# Sources

> Fetching raw data. The two built-in source shapes, when to write your own, and how parallel fetches work.

A source produces raw input. The pipeline transforms each raw row into one record. Two built-in source classes cover the most common shapes; for anything else, you subclass `EskerSource` directly.

If you're using the [`@pipeline` decorator](https://esker.so/docs/sdk/pipelines.md) with `url=`, you're already using `BulkJsonSource` under the hood — read this page when that stops being enough.

## One JSON endpoint

Most public datasets are a single JSON file. The `@pipeline` decorator handles this case directly:

```python
@pipeline(
    "us.sec.companies@1.0.0",
    url="https://www.sec.gov/files/company_tickers.json",
    entity_type="corp",
    key="cik",
)
class SecCompany:
    ...
```

This synthesizes a `BulkJsonSource` subclass with `URL` set. It accepts two payload shapes:

- **Top-level dict** (`{"0": {...}, "1": {...}}`) — iterates `.values()`. The SEC ticker file shape.
- **Top-level array** (`[{...}, {...}]`) — iterates directly. The SpaceX rockets shape.

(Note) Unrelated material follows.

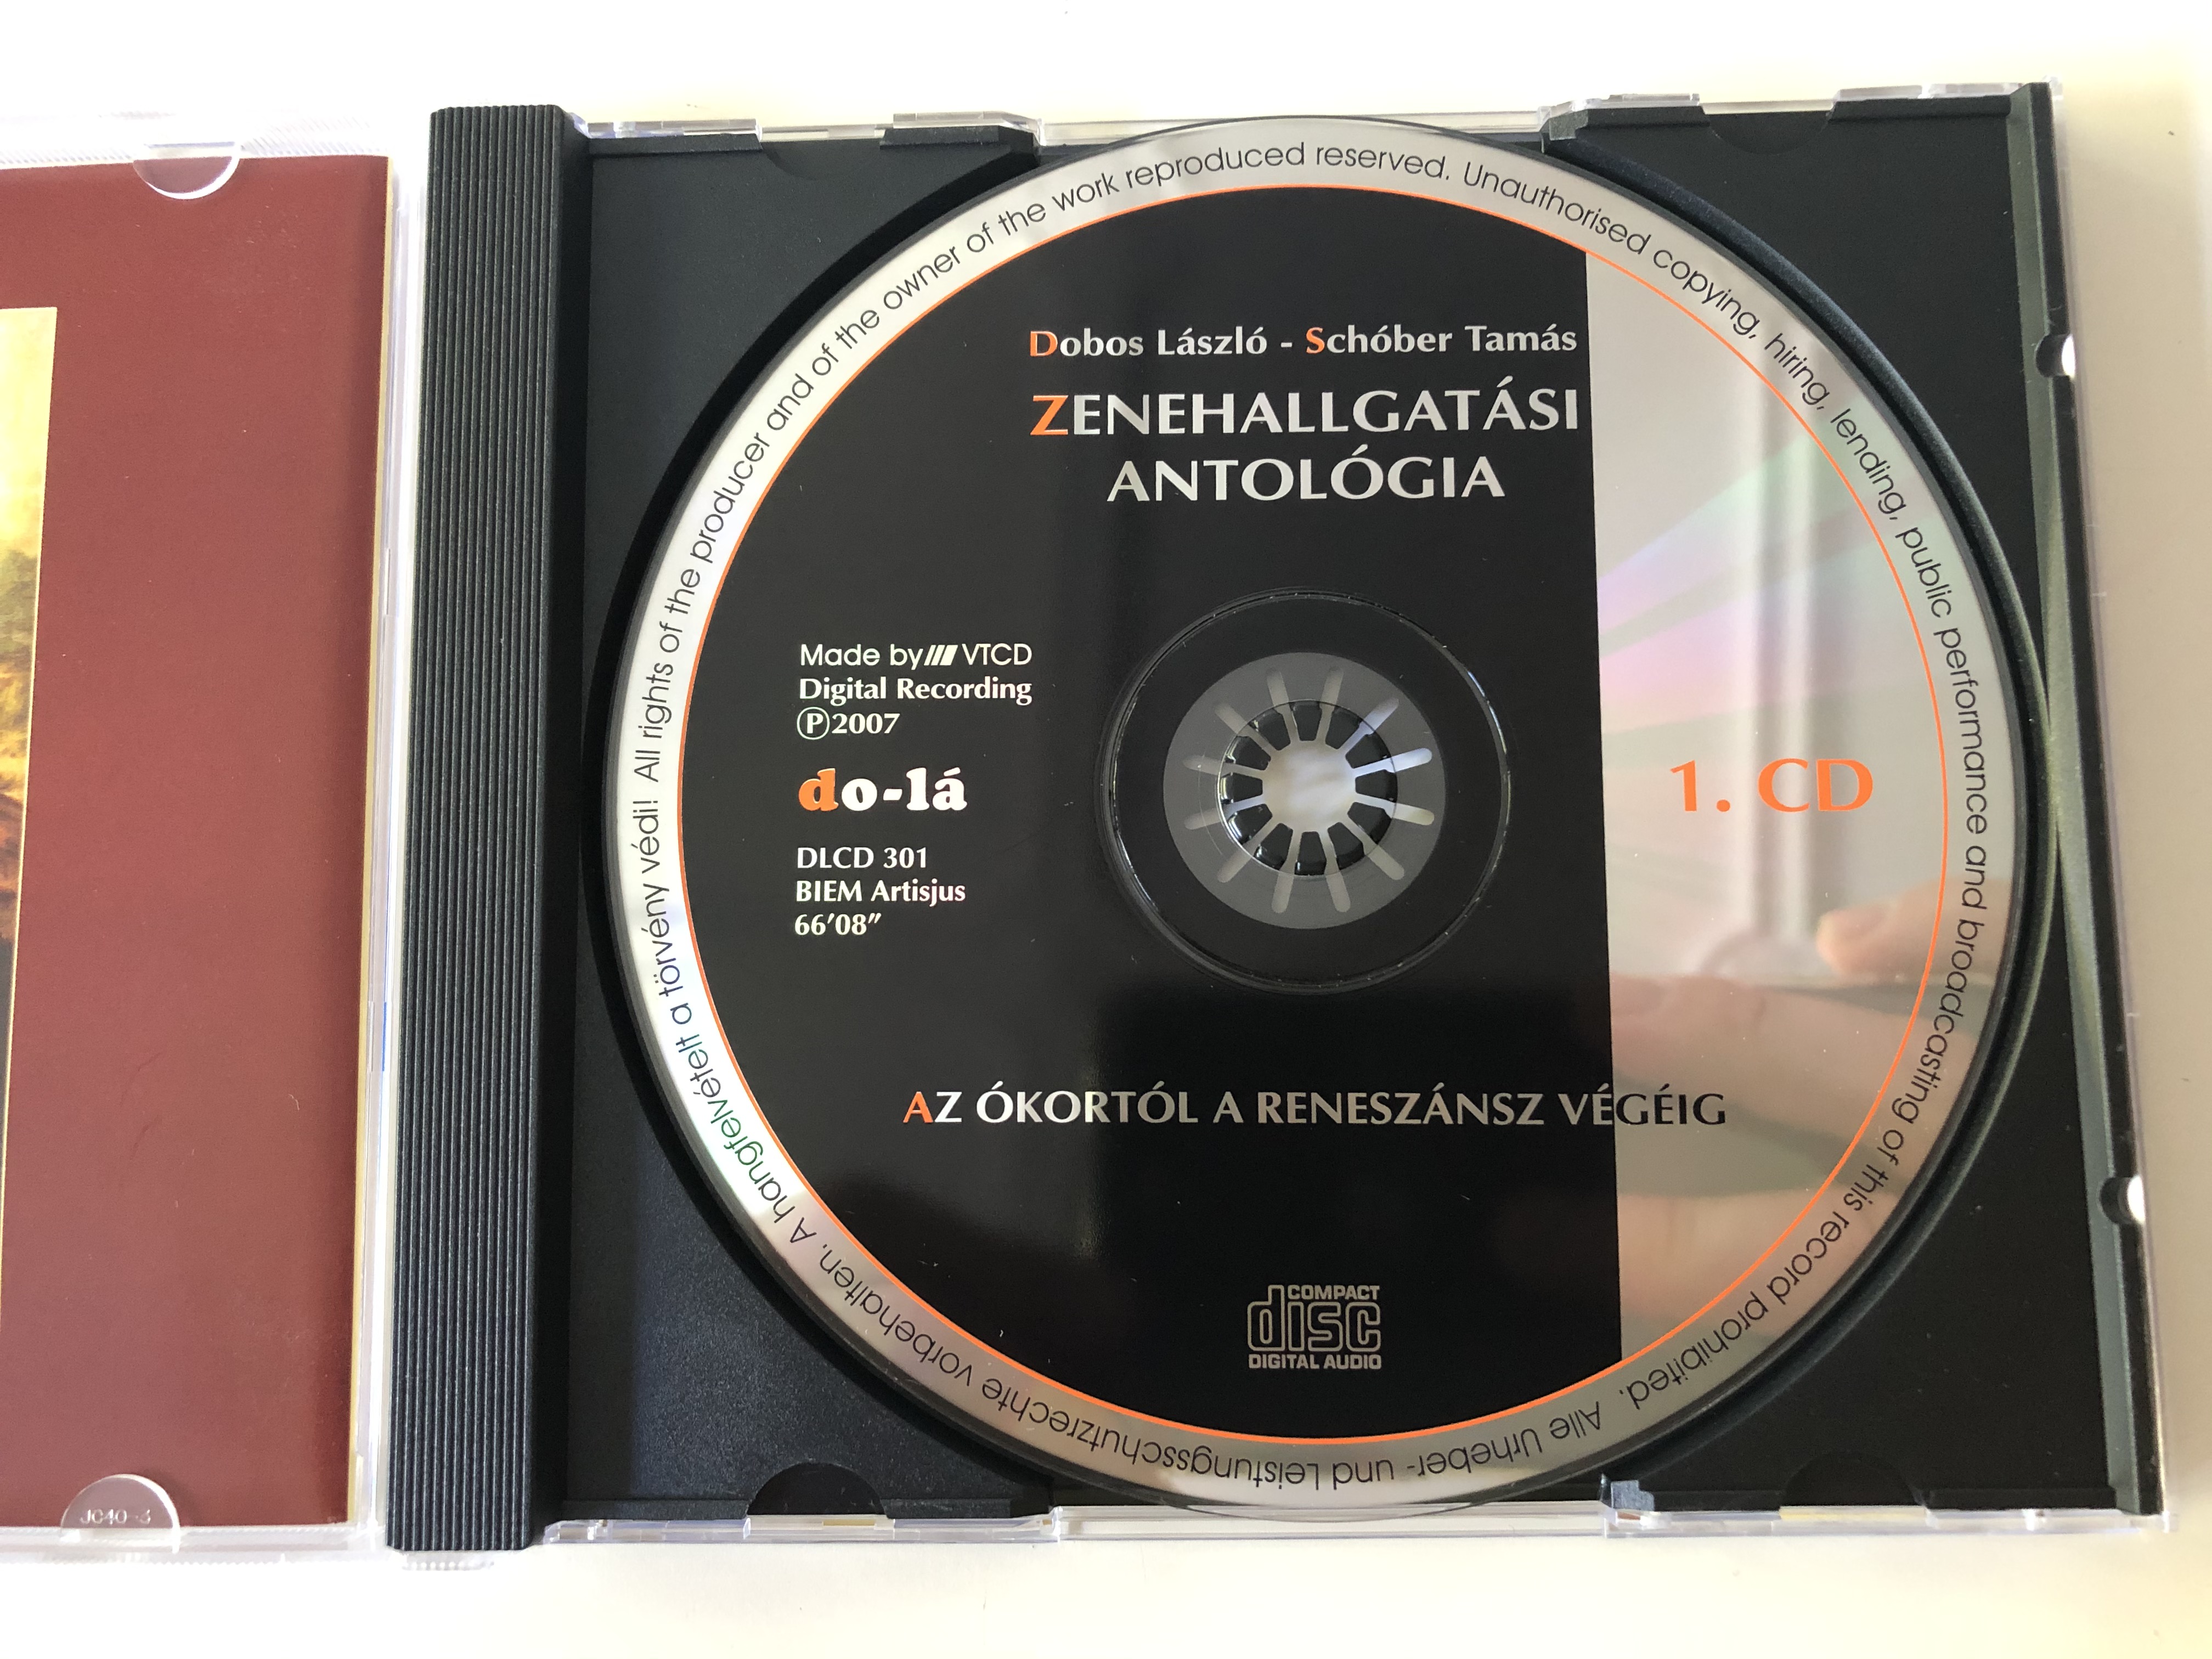 zenehallgat-si-antologia-1.-az-okortol-a-reneszansz-vegeig-do-la-audio-cd-2007-dlcd-301-5-.jpg

All rows from a single endpoint share one `fetched_at` timestamp and one `source_url`, so they're recorded as a single [lineage batch](https://esker.so/docs/protocol/lineage.md).

If you need to use `BulkJsonSource` outside the decorator (e.g. in the [three-class form](https://esker.so/docs/sdk/three-class-form.md)):

```python
from typing import ClassVar
from esker import BulkJsonSource


class SecTickersSource(BulkJsonSource):
    URL: ClassVar[str] = "https://www.sec.gov/files/company_tickers.json"
    SOURCE_ID: ClassVar[str] = "us.sec.tickers"
    USER_AGENT: ClassVar[str] = "esker/0.1 (you@example.com)"
```

Always set `SOURCE_ID` explicitly — the default `"bulk-json"` would land on your manifest meaninglessly.

## One CSV endpoint

```python
class TreasuryYieldsSource(BulkCsvSource):
    URL: ClassVar[str] = "https://example.gov/yields.csv"
    SOURCE_ID: ClassVar[str] = "us.treasury.yields"
    ENCODING: ClassVar[str] = "utf-8"
    DELIMITER: ClassVar[str] = ","
```

`BulkCsvSource` mirrors `BulkJsonSource` but uses `csv.DictReader`. The header row becomes keys; each subsequent row is a `dict[str, str]`. **All cell values are raw strings** — empty cells (`""`) round-trip distinctly from missing keys, and your `transform` does the coercion.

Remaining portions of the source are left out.